Performance of machine learning for ozone modeling in Southern California during the COVID-19 shutdown†
Abstract
We combine machine learning (ML) and geospatial interpolations to create two-dimensional high-resolution ozone concentration fields over the South Coast Air Basin (SoCAB) for the entire year of 2020. The interpolated ozone concentration fields were constructed using 15 building sites whose daily trends were predicted by random forest regression. Spatially interpolated ozone concentrations were evaluated at 12 sites that were independent from the machine learning sites and historical data to find the most suitable prediction method for SoCAB. Ordinary kriging interpolation had the best performance overall for 2020. The model is best at interpolating ozone concentrations inside the sampling region (bounded by the building sites), with R2 ranging from 0.56 to 0.85 for those sites. All interpolation methods poorly predicted and underestimated ozone concentrations for Crestline during summer, indicating that the site has a distribution of ozone concentrations that is independent from all other sites.

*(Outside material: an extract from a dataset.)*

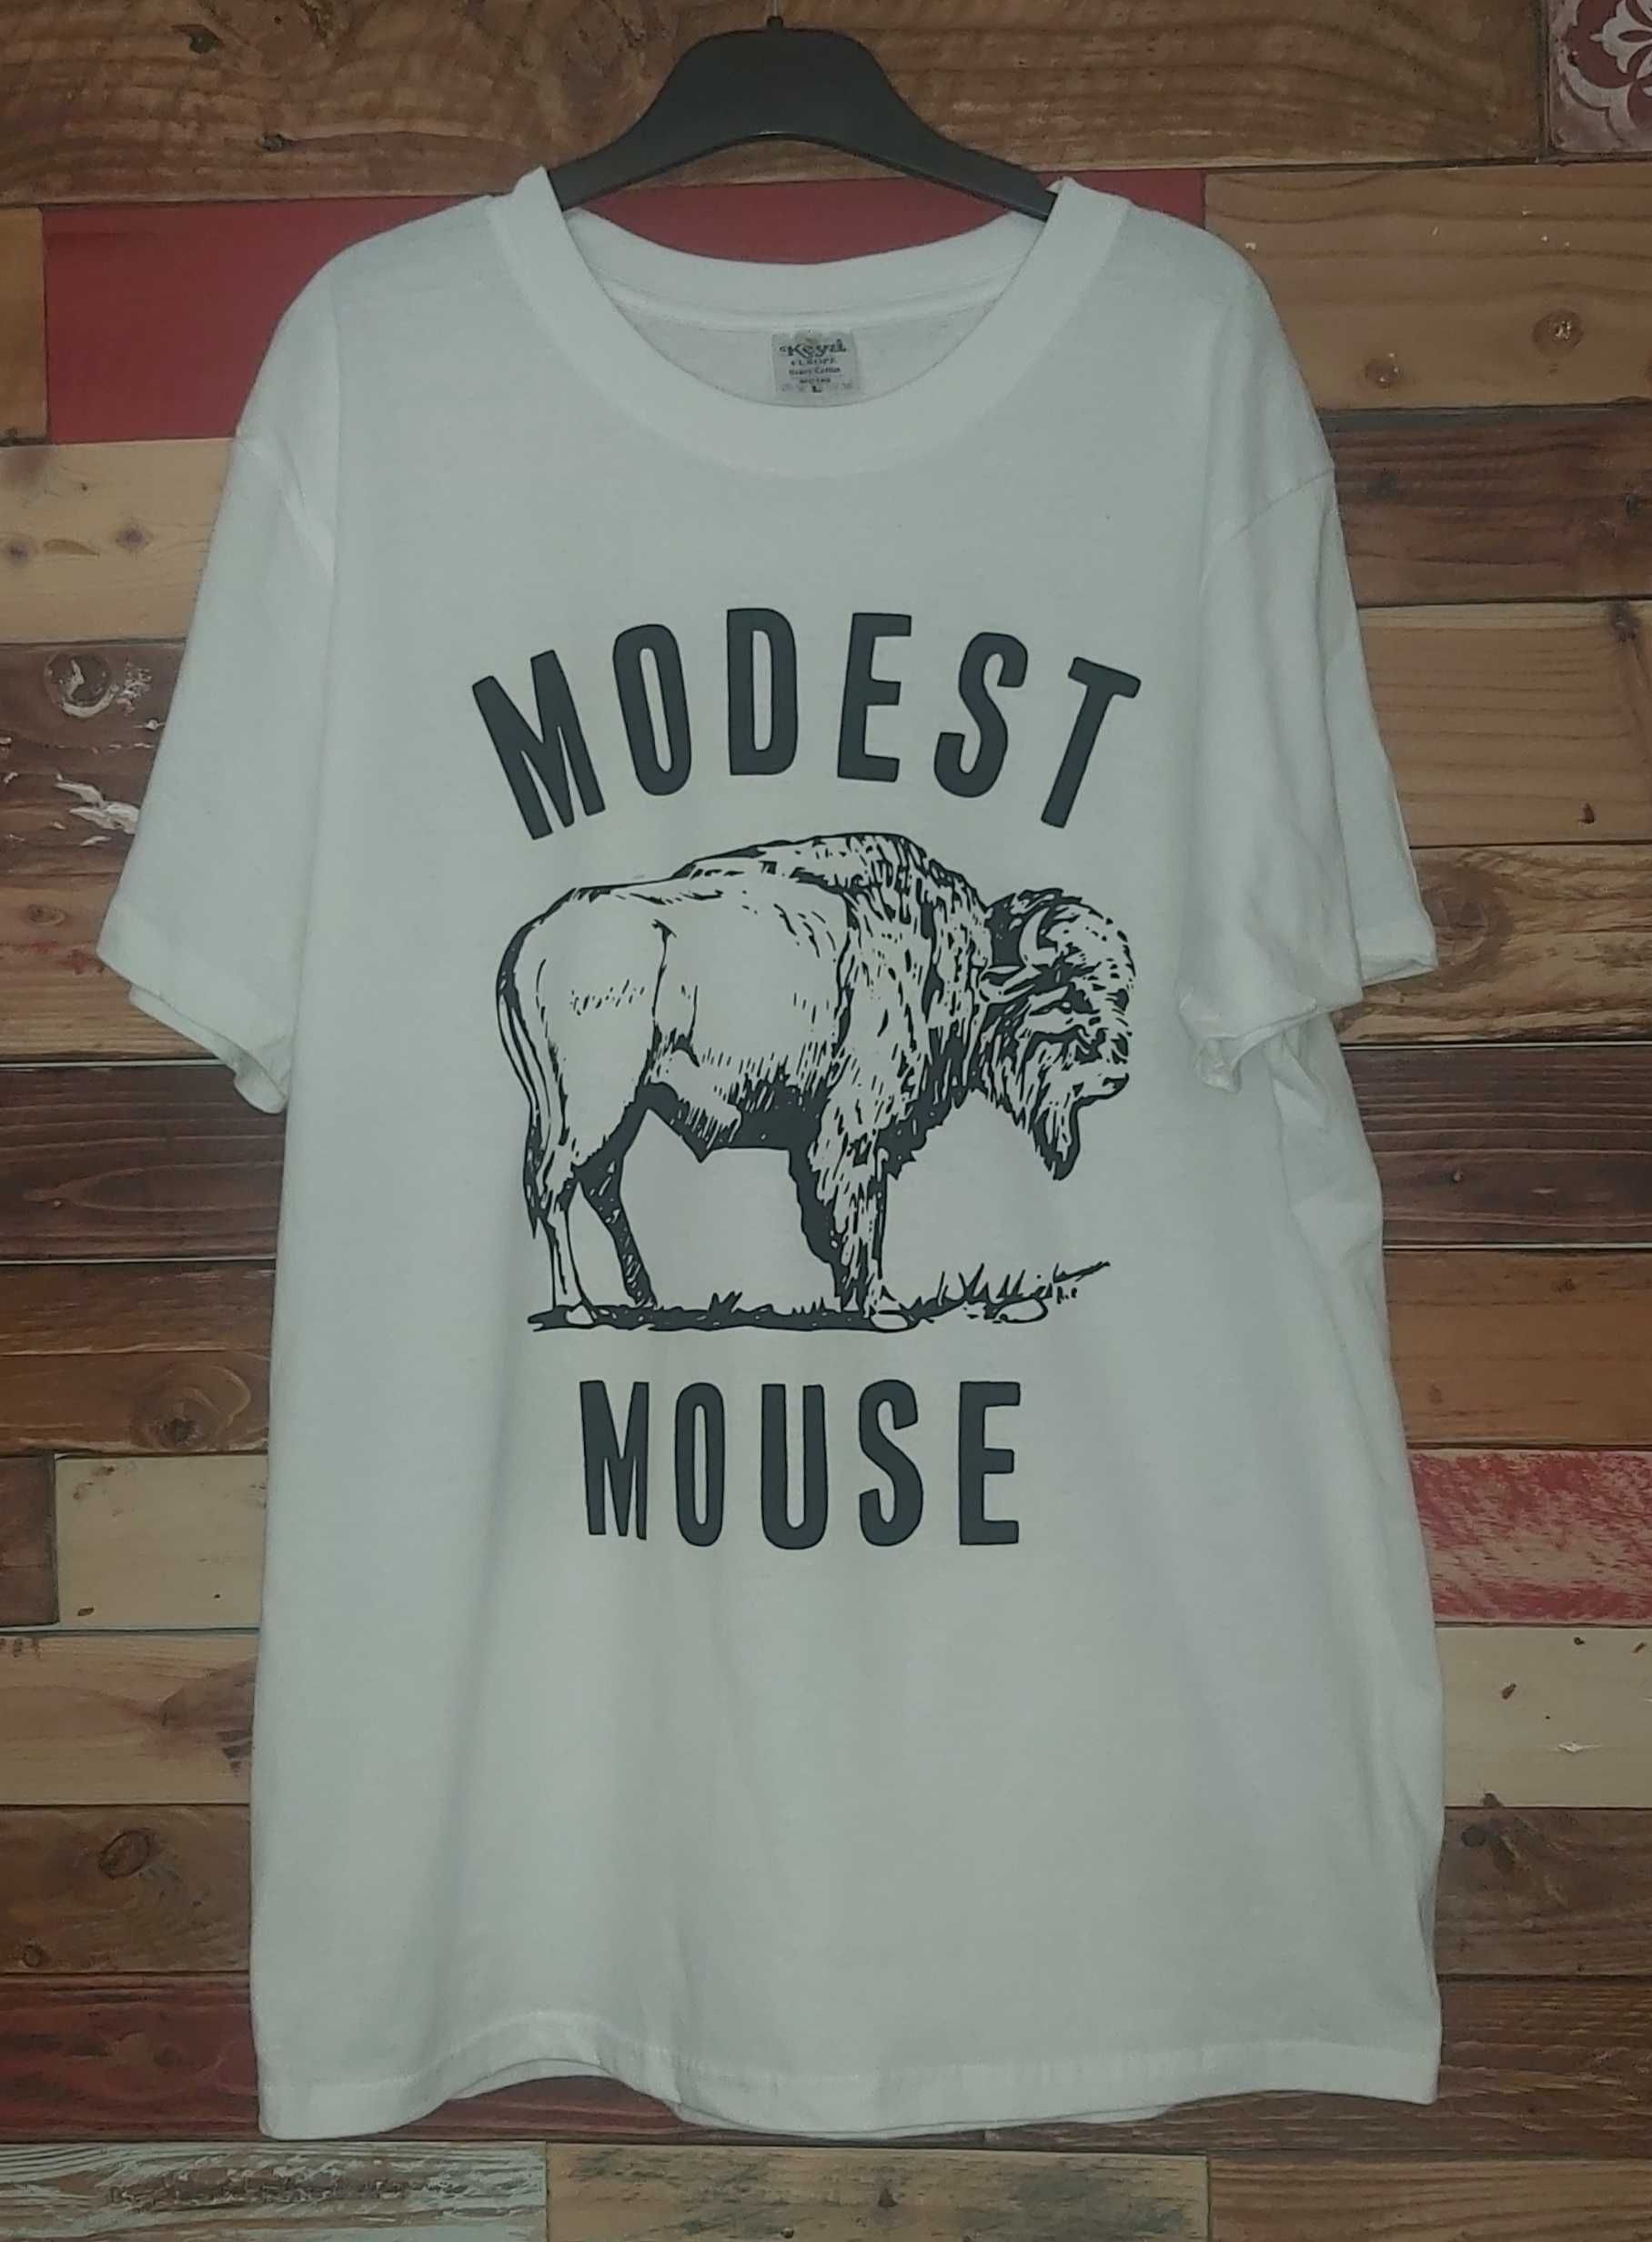 Elliott Smith / Daniel Johnston / Nick Drake / Modest Mouse - T-shirt

Therefore, historical data from coastal and inland sites should not be used to predict ozone in Crestline using data-driven spatial interpolation approaches. The study demonstrates the utility of ML and geospatial techniques for evaluating air pollution levels during anomalous periods. Both ML and the Community Multiscale Air Quality model do not fully capture the irregularities caused by emission reductions during the COVID-19 lockdown period (March–May) in the SoCAB. Including 2020 training data in the ML model training improves the model's performance and its potential to predict future abnormalities in air quality.